◆ WORK INSTRUCTION:
A faithful copy of the data below is required, leaving out every picture.

◆ DATASET EXTRACT:
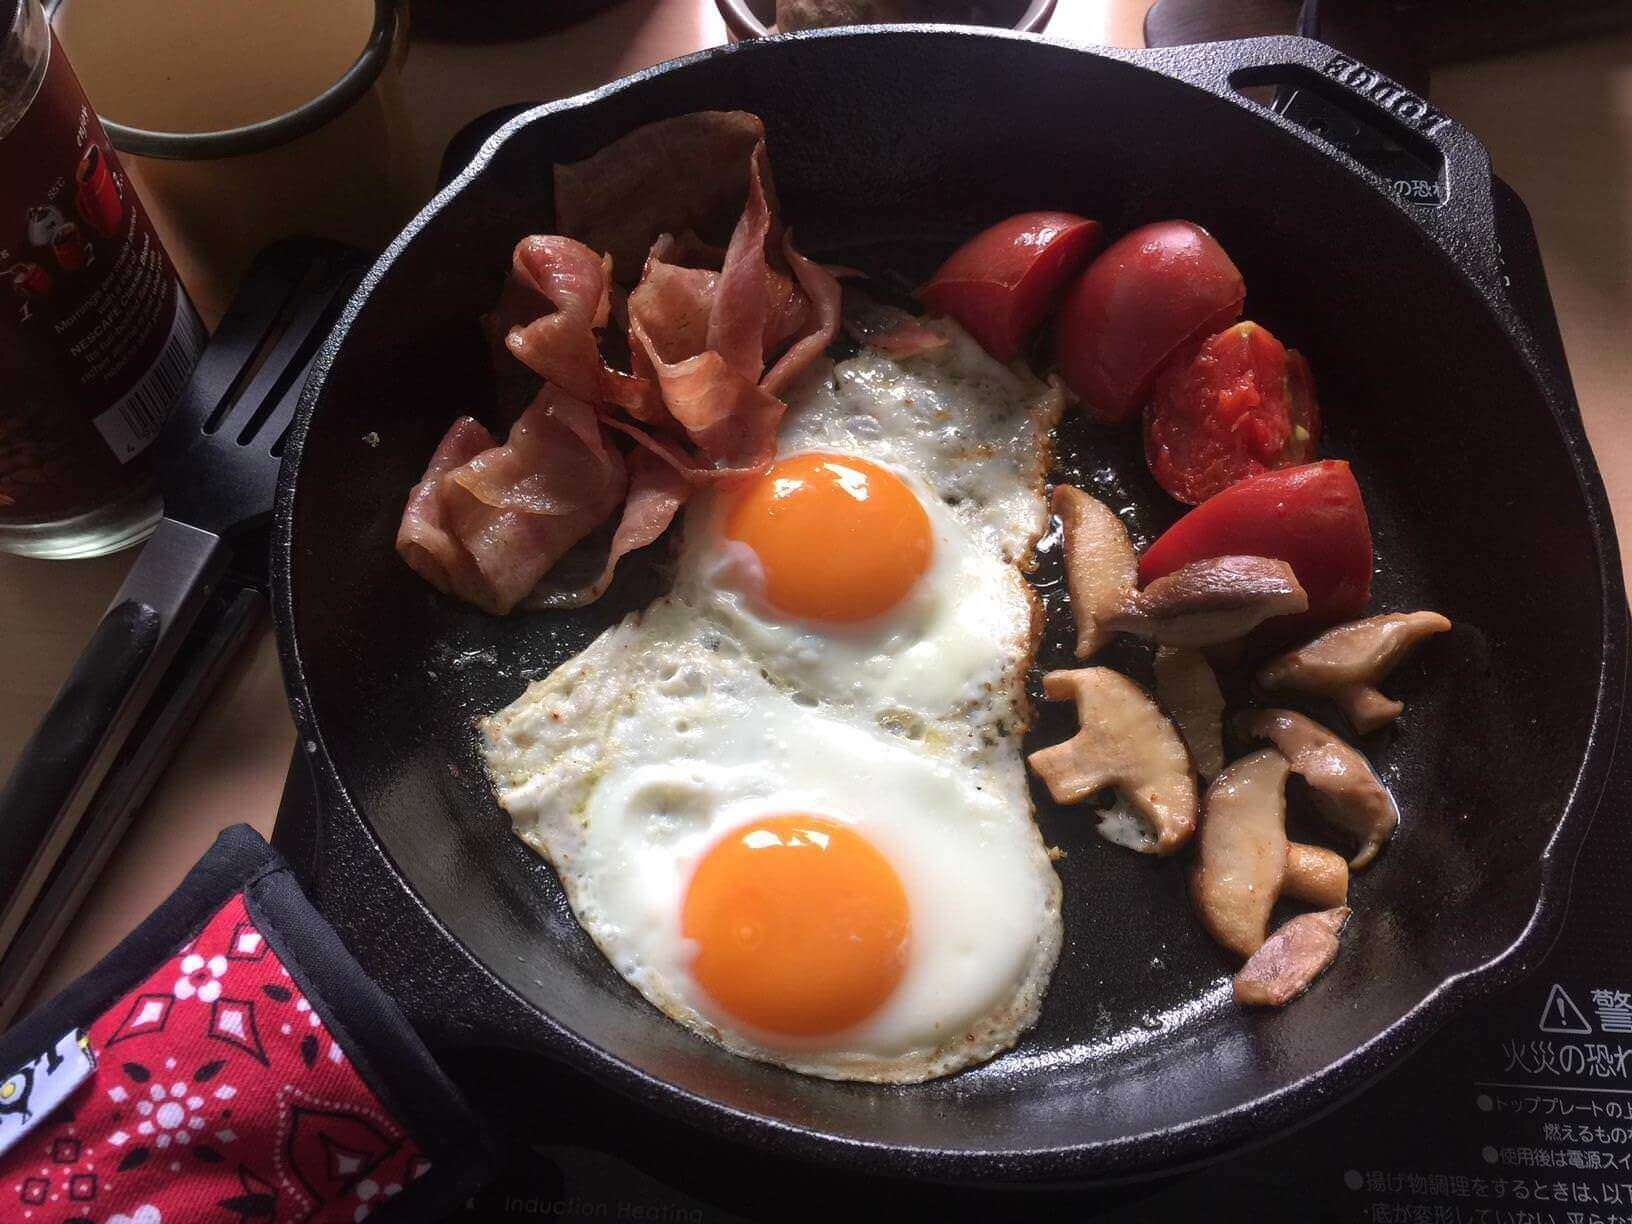 Learn about the benefits of enameled cast iron cookware. – Boonie Hicks
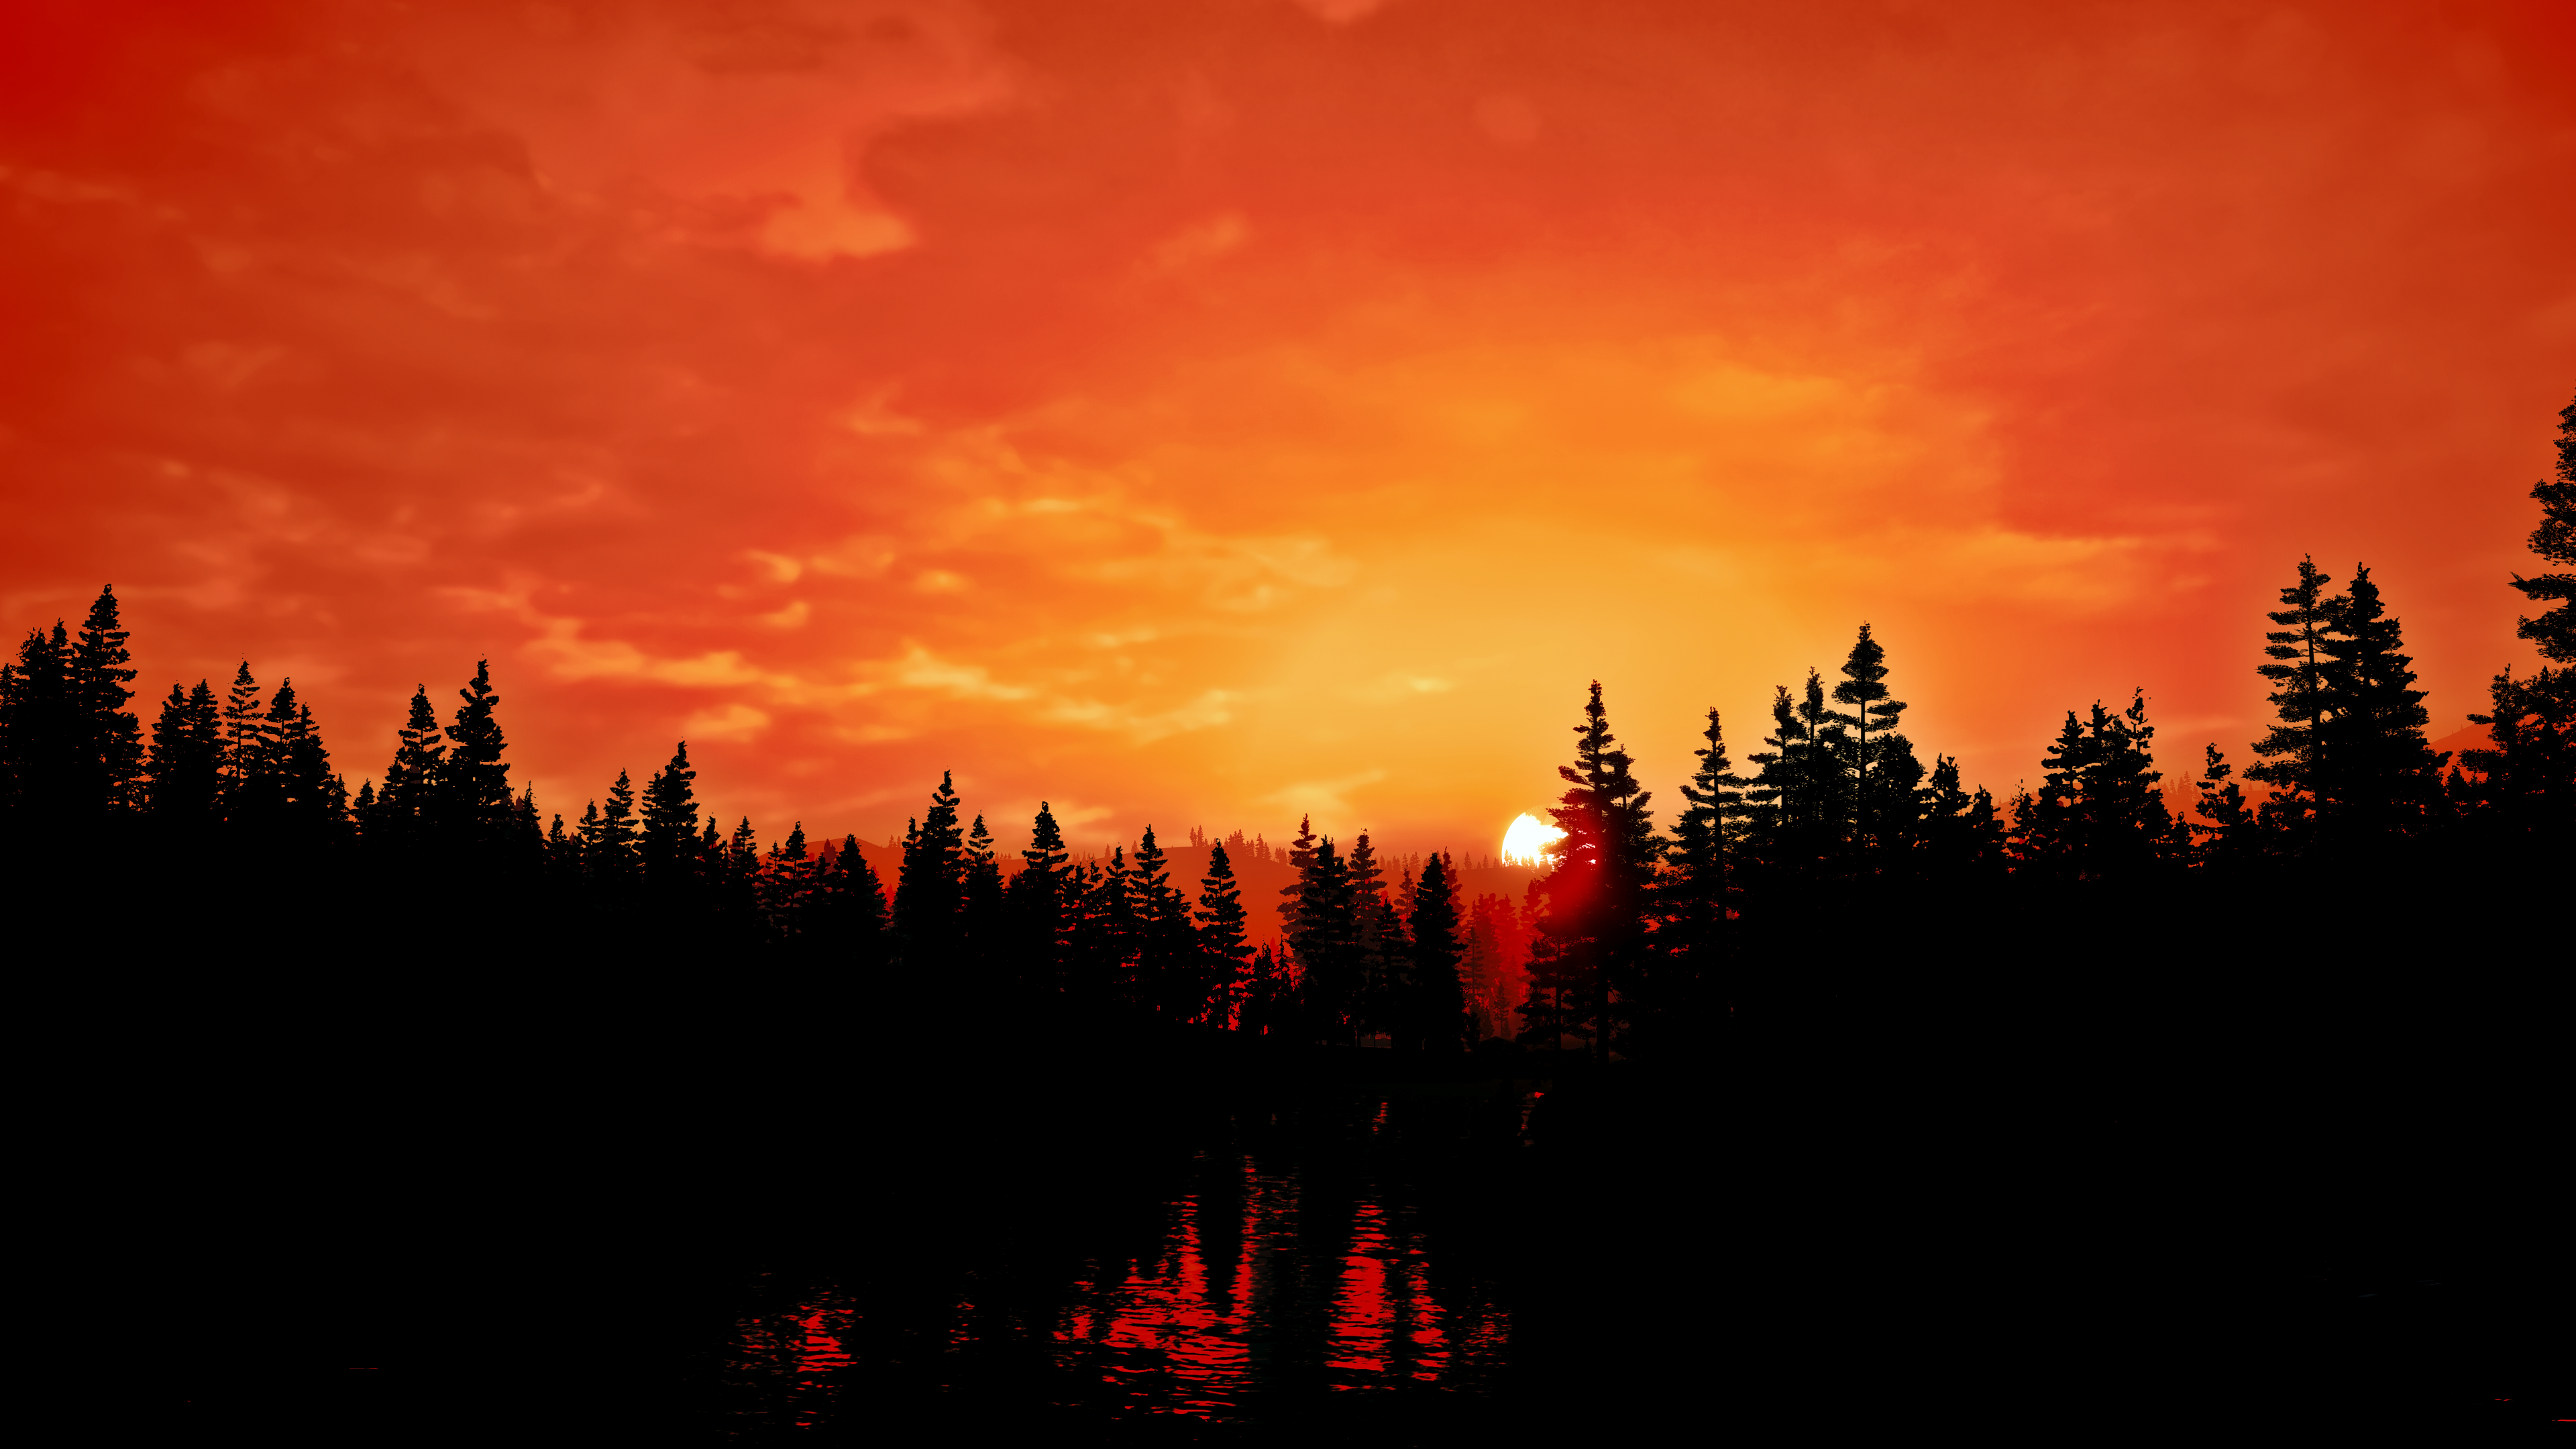 General 3840x2160 Far Cry 5 reshade sunset Moon sky forest nature Nvidia Reflex low light digital art video games
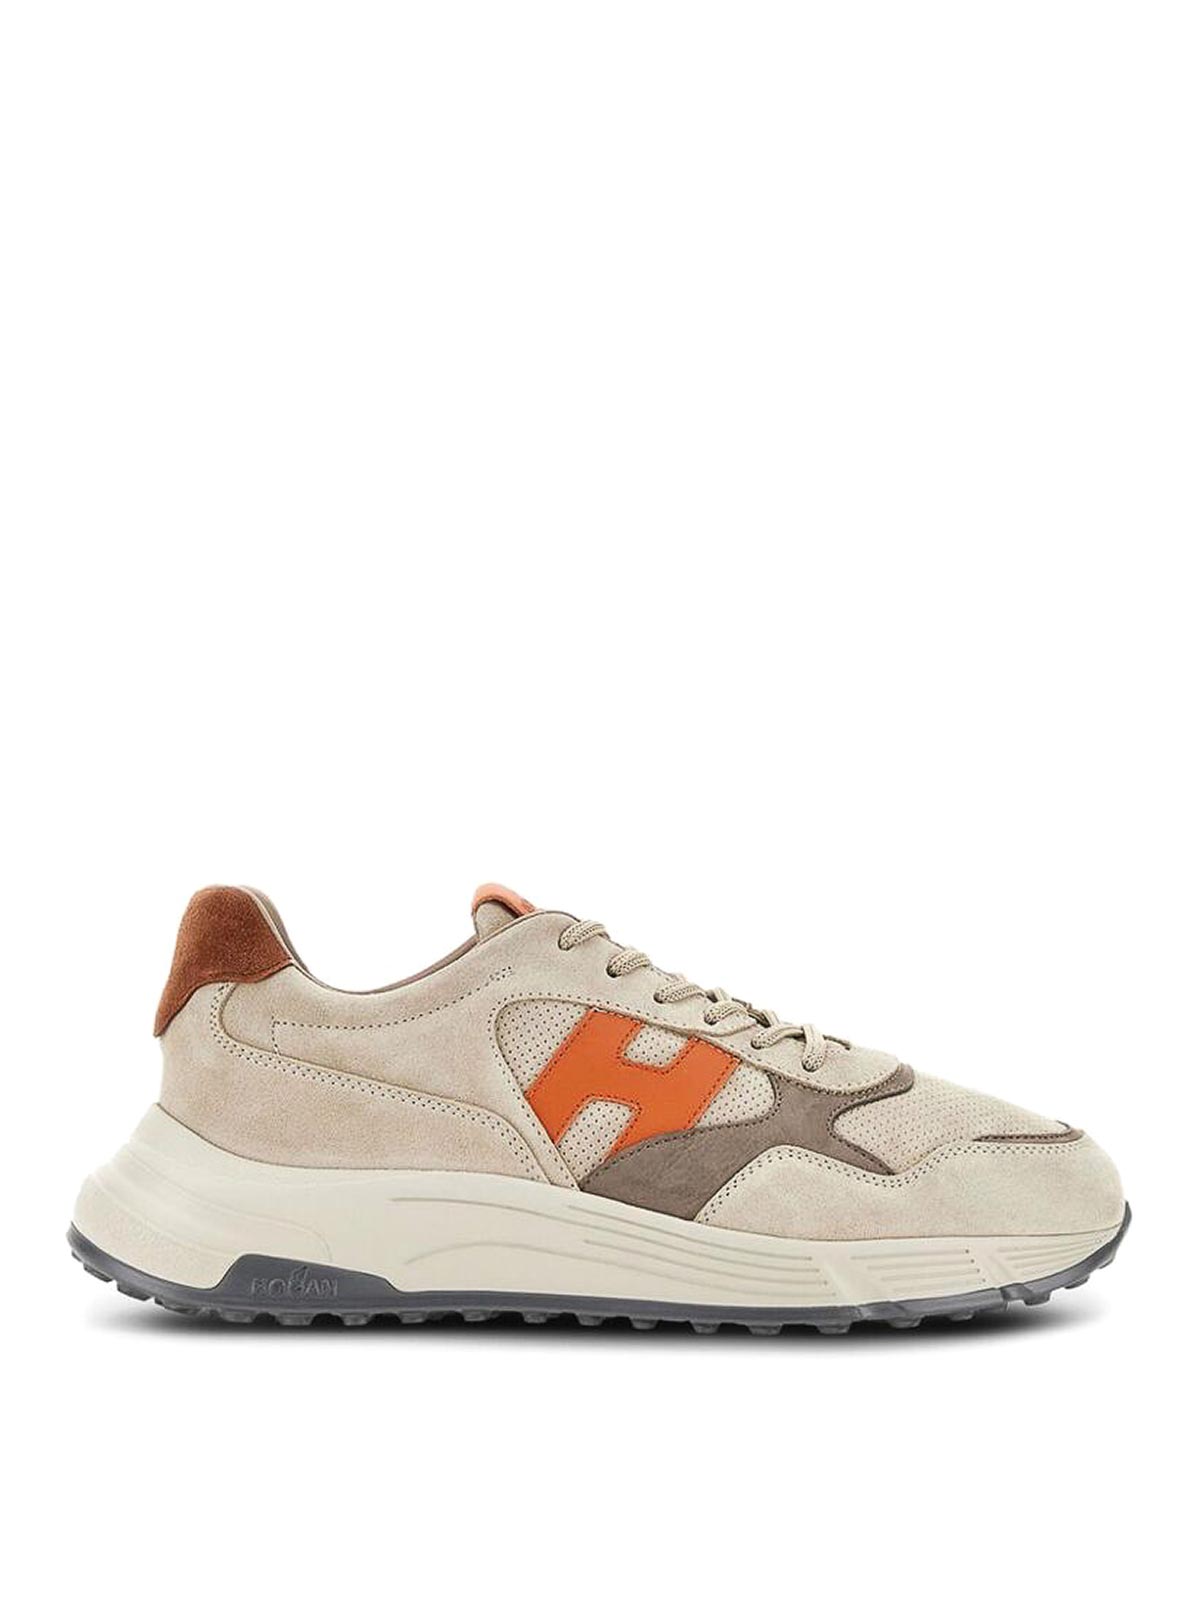 HOGAN HYPERLIGHT PANELLED LACE-UP SNEAKERS

◆ ANSWER TO THIS PROBLEM:
 Learn about the benefits of enameled cast iron cookware. – Boonie Hicks
 General 3840x2160 Far Cry 5 reshade sunset Moon sky forest nature Nvidia Reflex low light digital art video games
 HOGAN HYPERLIGHT PANELLED LACE-UP SNEAKERS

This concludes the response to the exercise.